:: Data for this exercise ::
*** Block opens ***

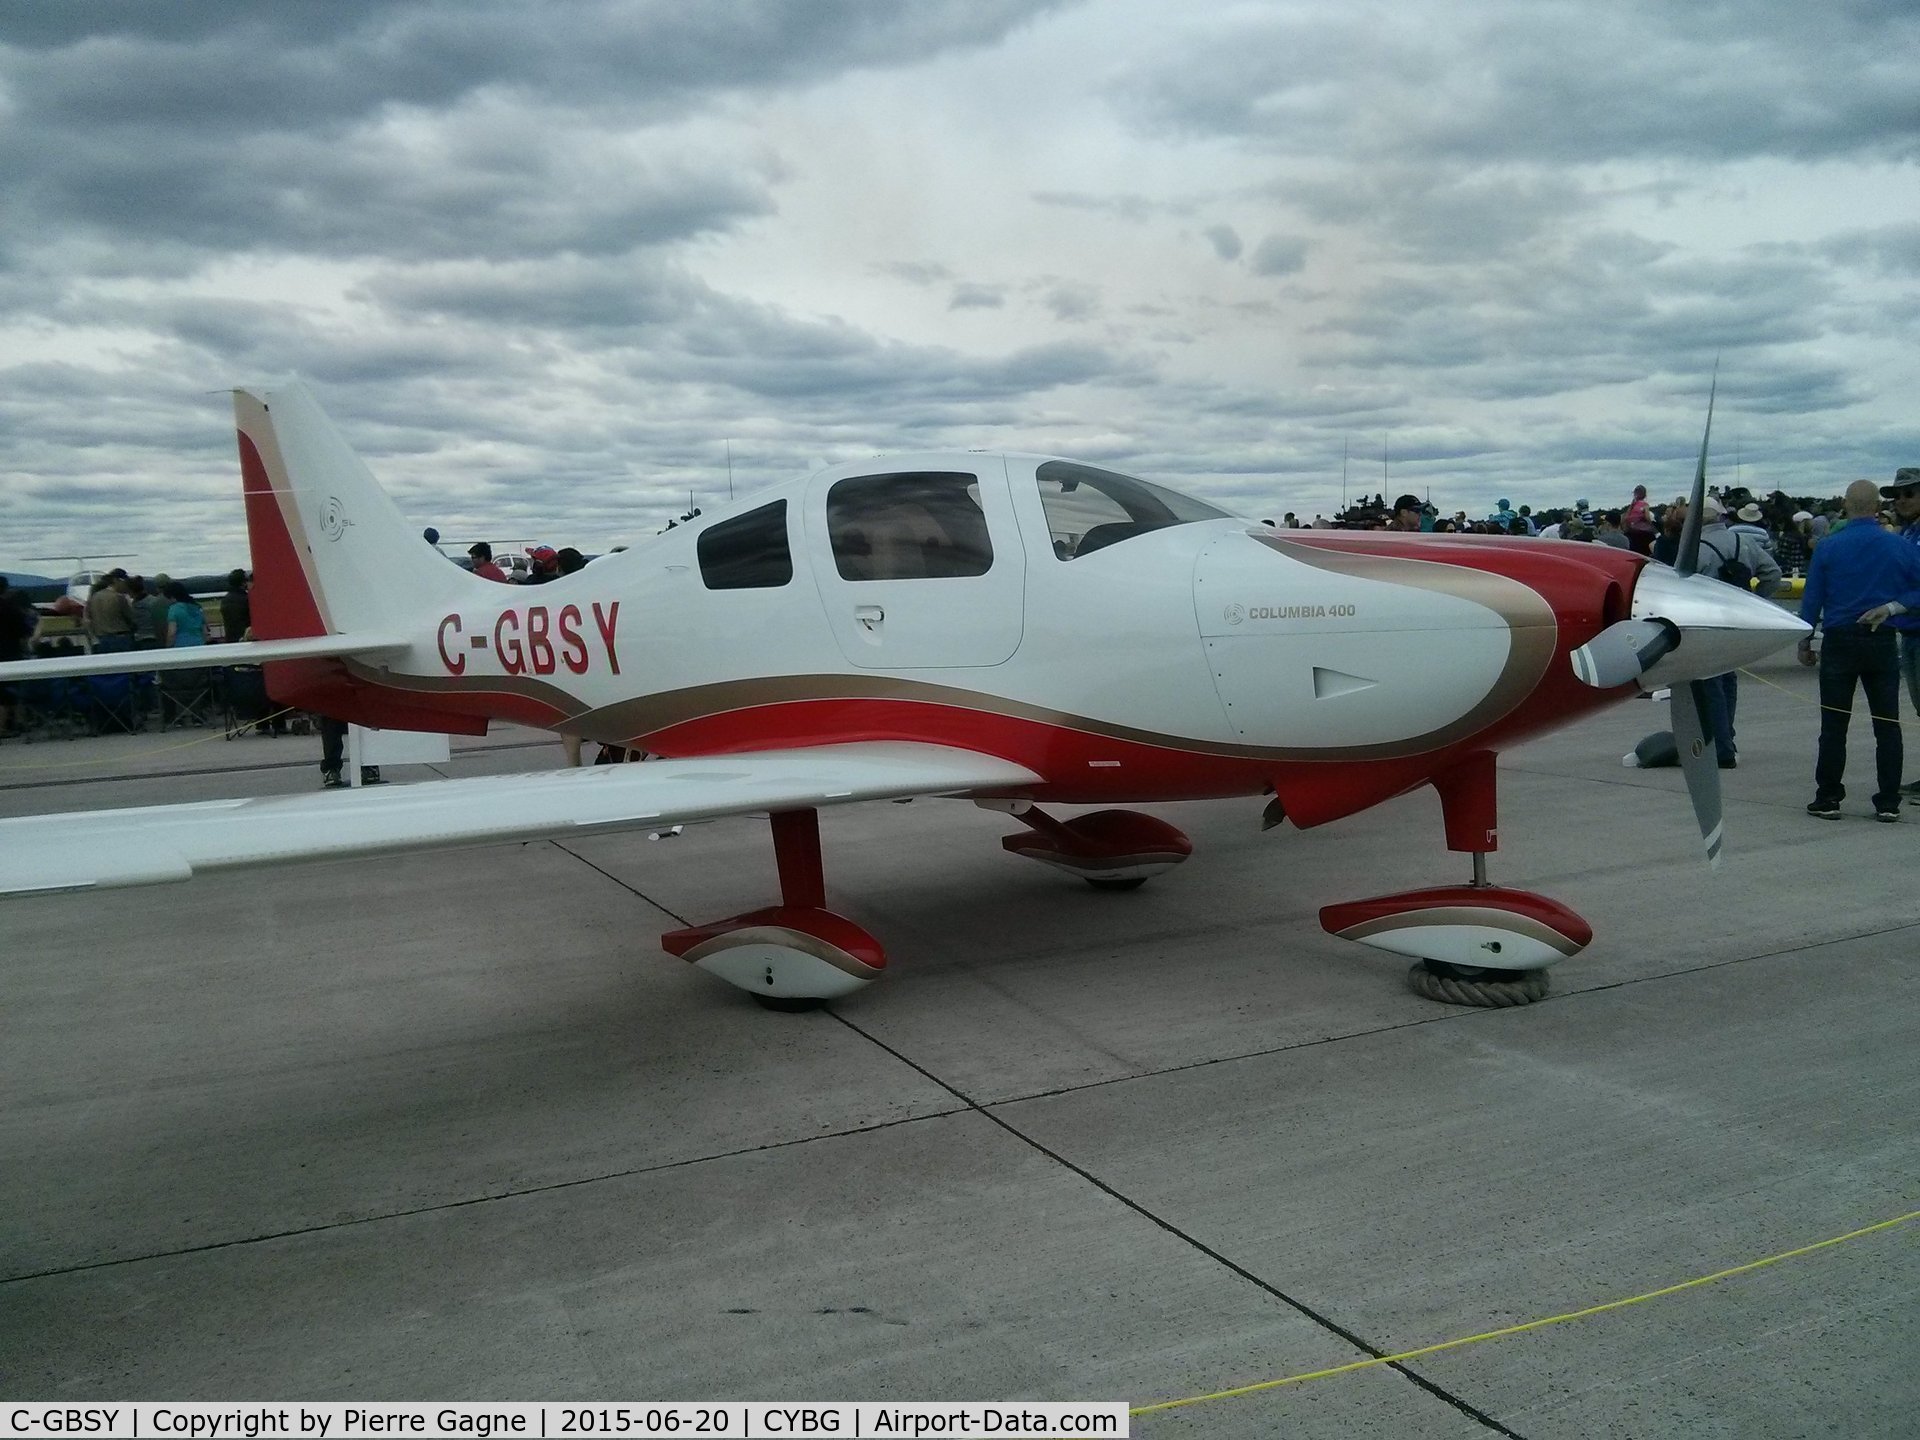 C-GBSY, 2007 Lancair LC41-550FG C/N 41757, C-GBSY at 2015 Bagotville International Air show
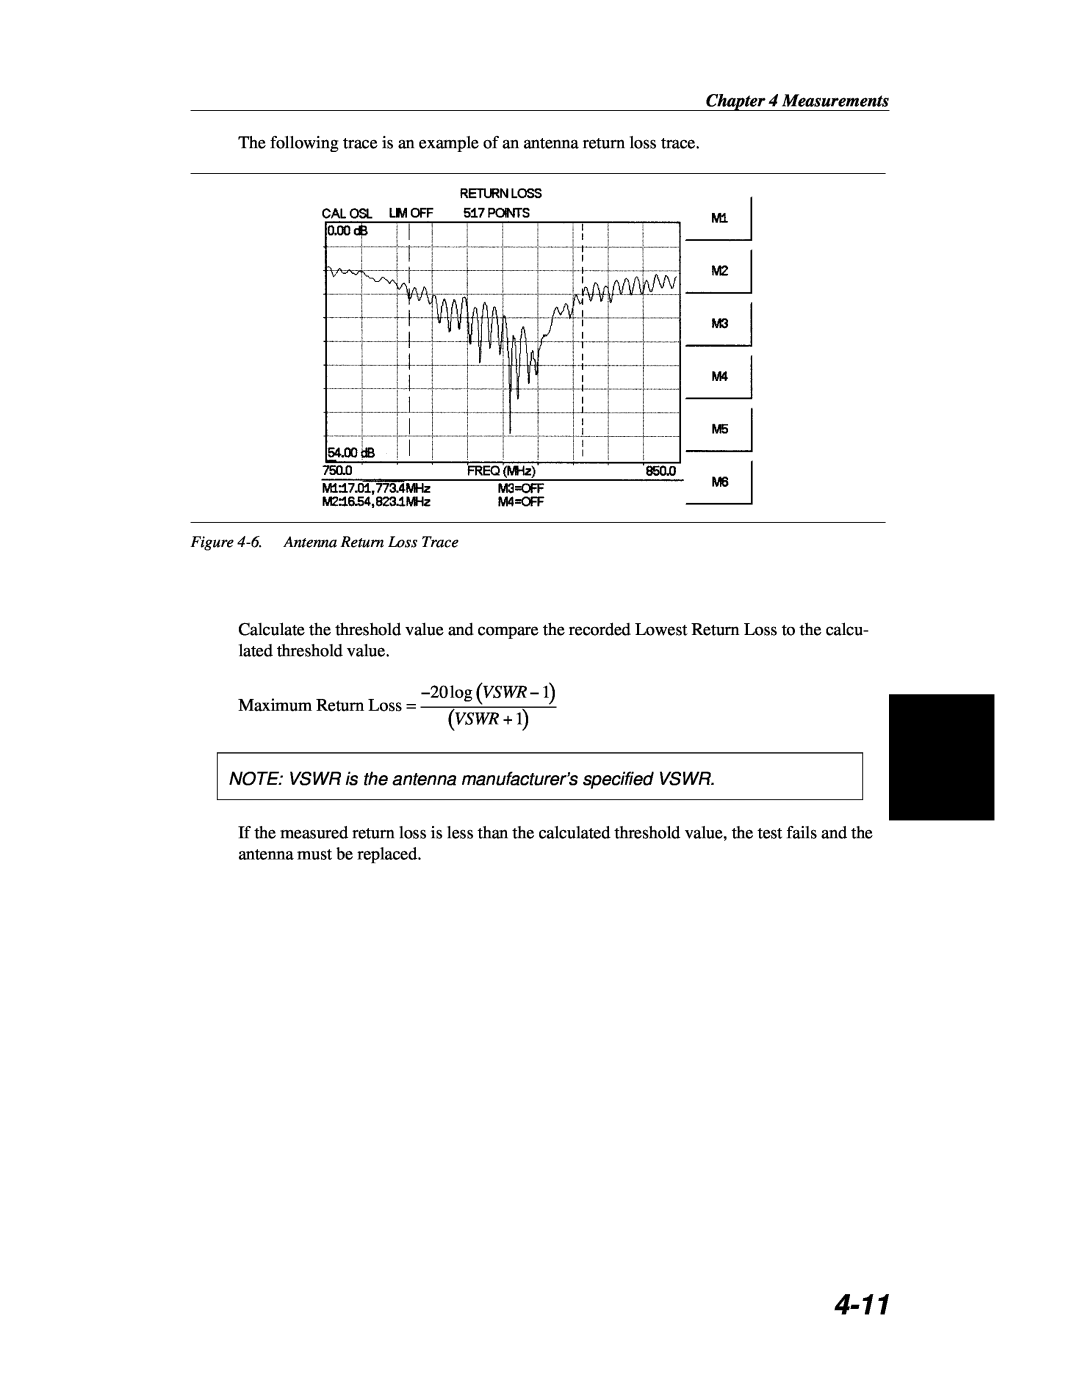 Anritsu S251C manual 4-11, Vswr, Measurements, log VSWR Maximum Return Loss = 
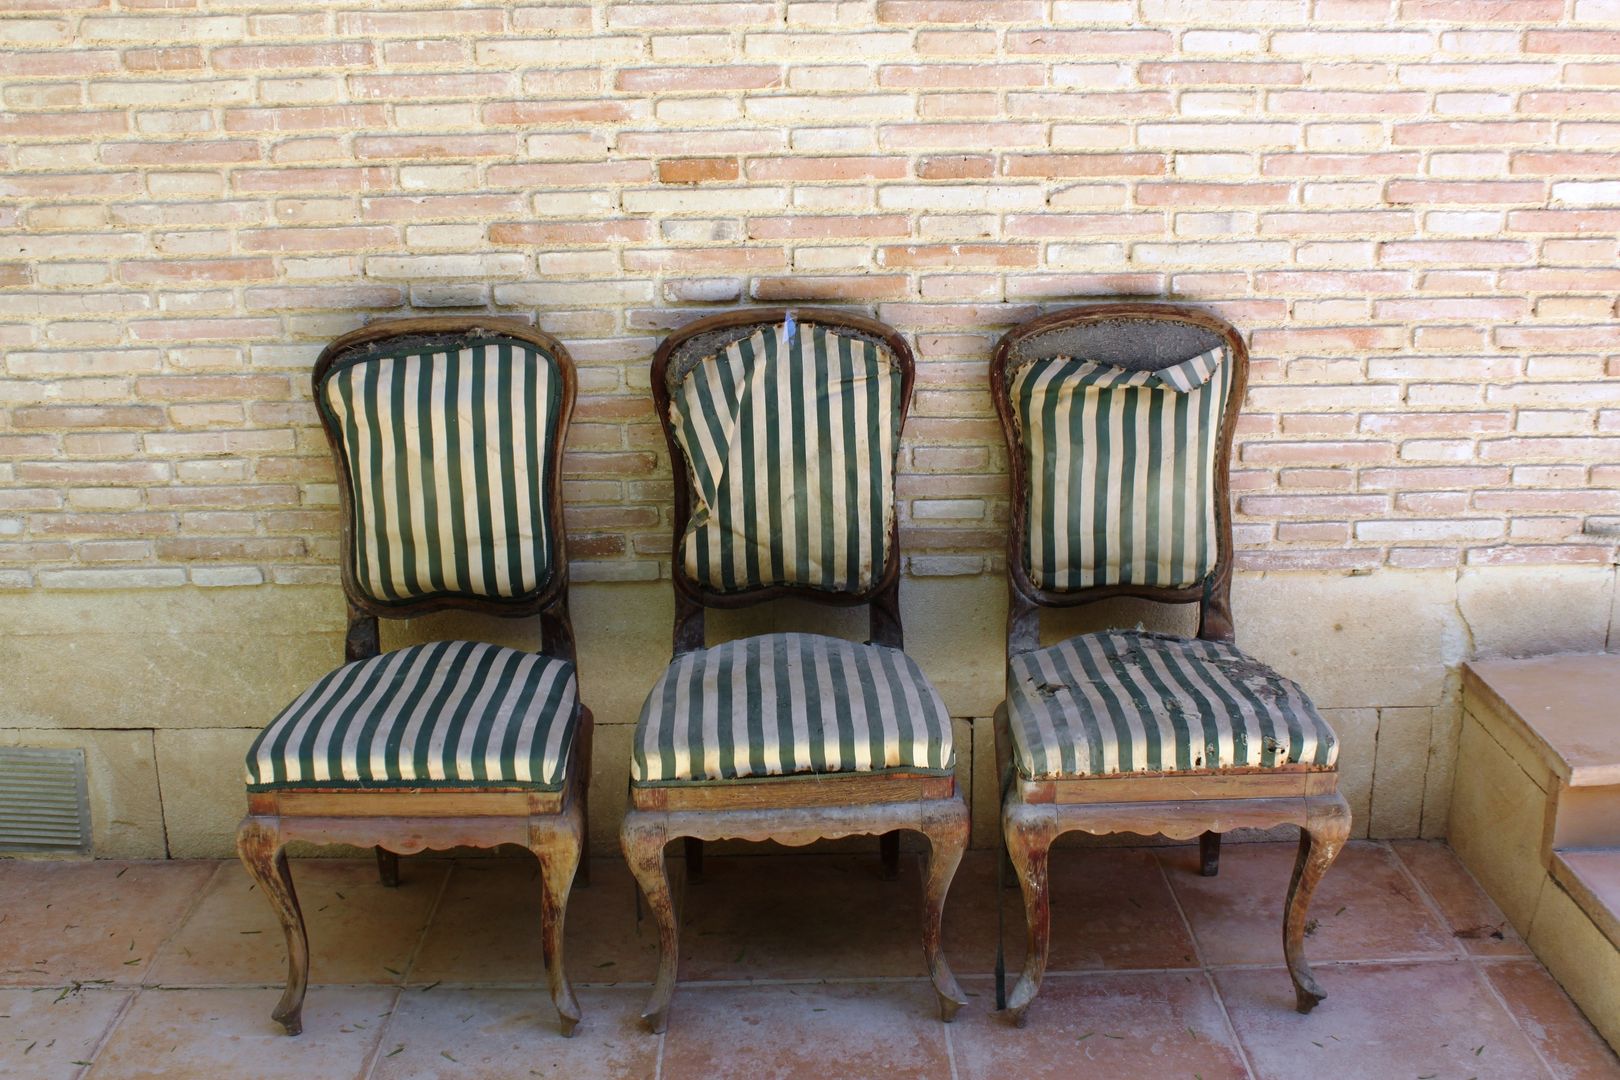 4 sillas isabelinas originales encontradas en un viejo trastero Dominique Restauración
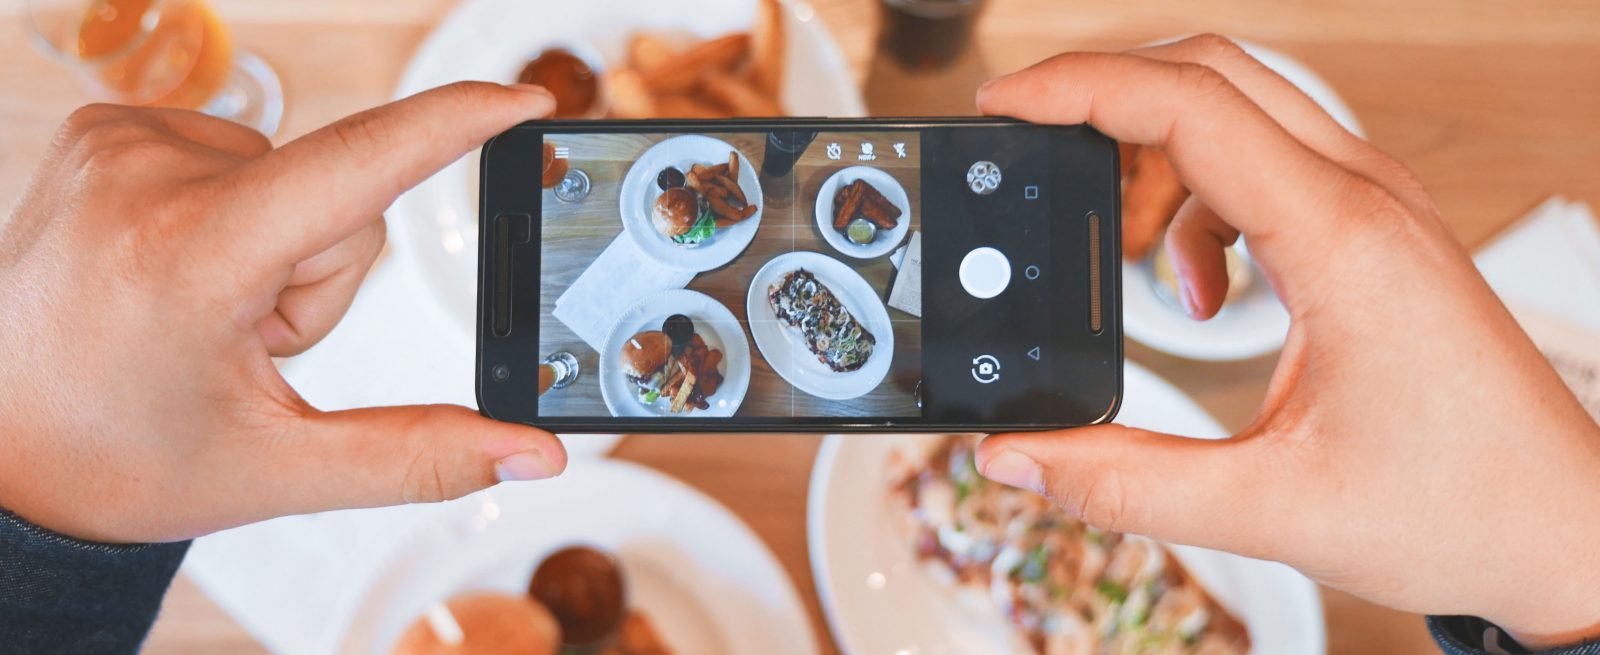 10 Social Media Marketing Tips for Restaurants | Modern Restaurant  Management | The Business of Eating &amp; Restaurant Management News
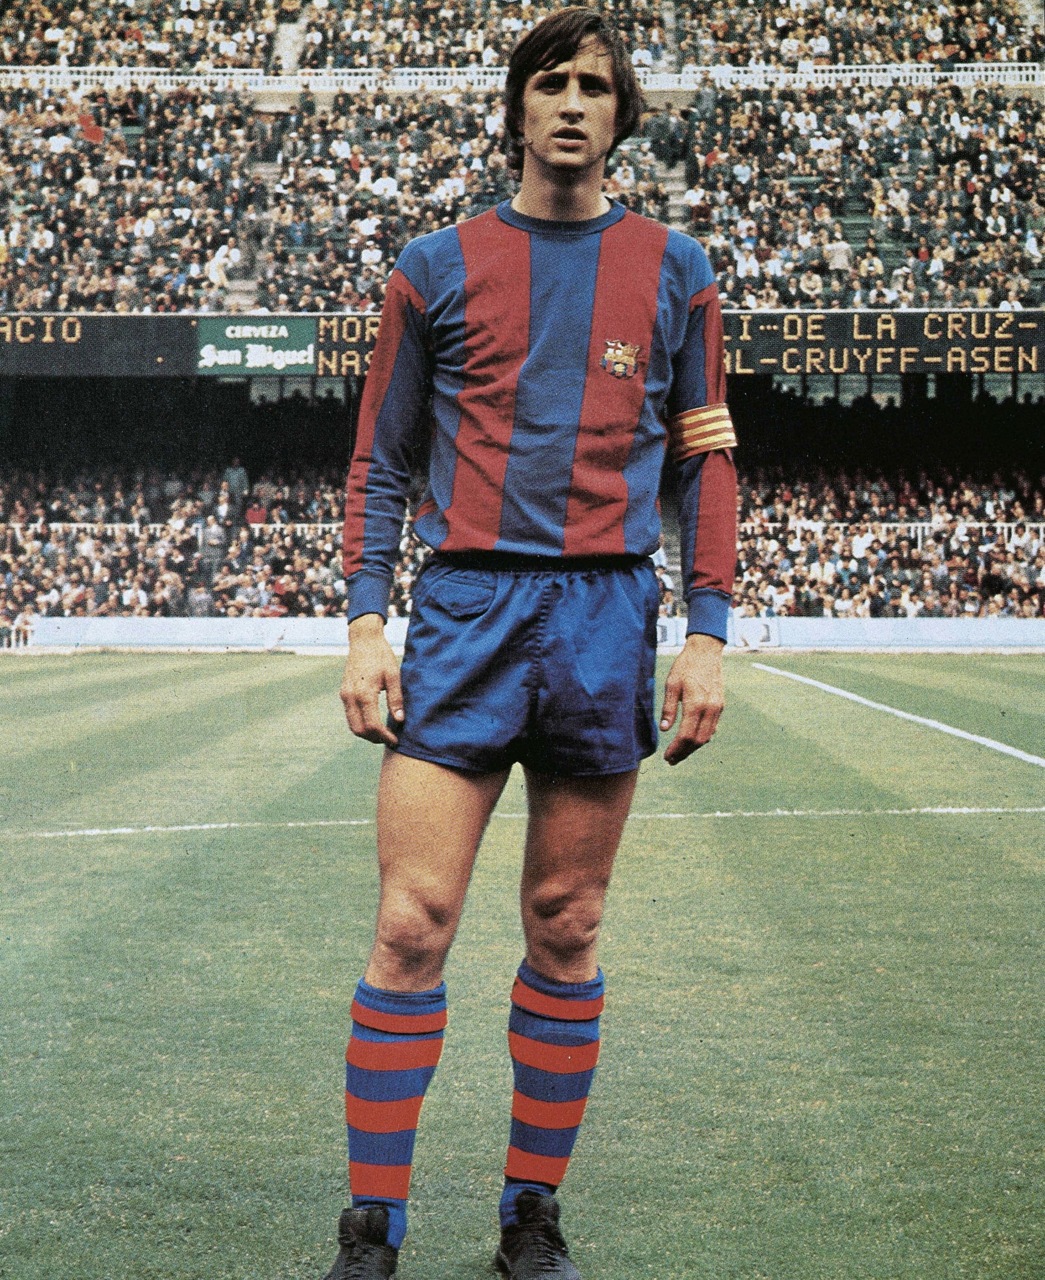 johan-cruyff-1978.jpg

*** Block closes ***

:: Problem details ::
With the images removed, write out all of the material above exactly.

:: Result below ::
 C-GBSY, 2007 Lancair LC41-550FG C/N 41757, C-GBSY at 2015 Bagotville International Air show
 Anritsu S251C manual 4-11, Vswr, Measurements, log VSWR Maximum Return Loss = 
 4 sillas isabelinas originales encontradas en un viejo trastero Dominique Restauración
 10 Social Media Marketing Tips for Restaurants | Modern Restaurant  Management | The Business of Eating &amp; Restaurant Management News
 johan-cruyff-1978.jpg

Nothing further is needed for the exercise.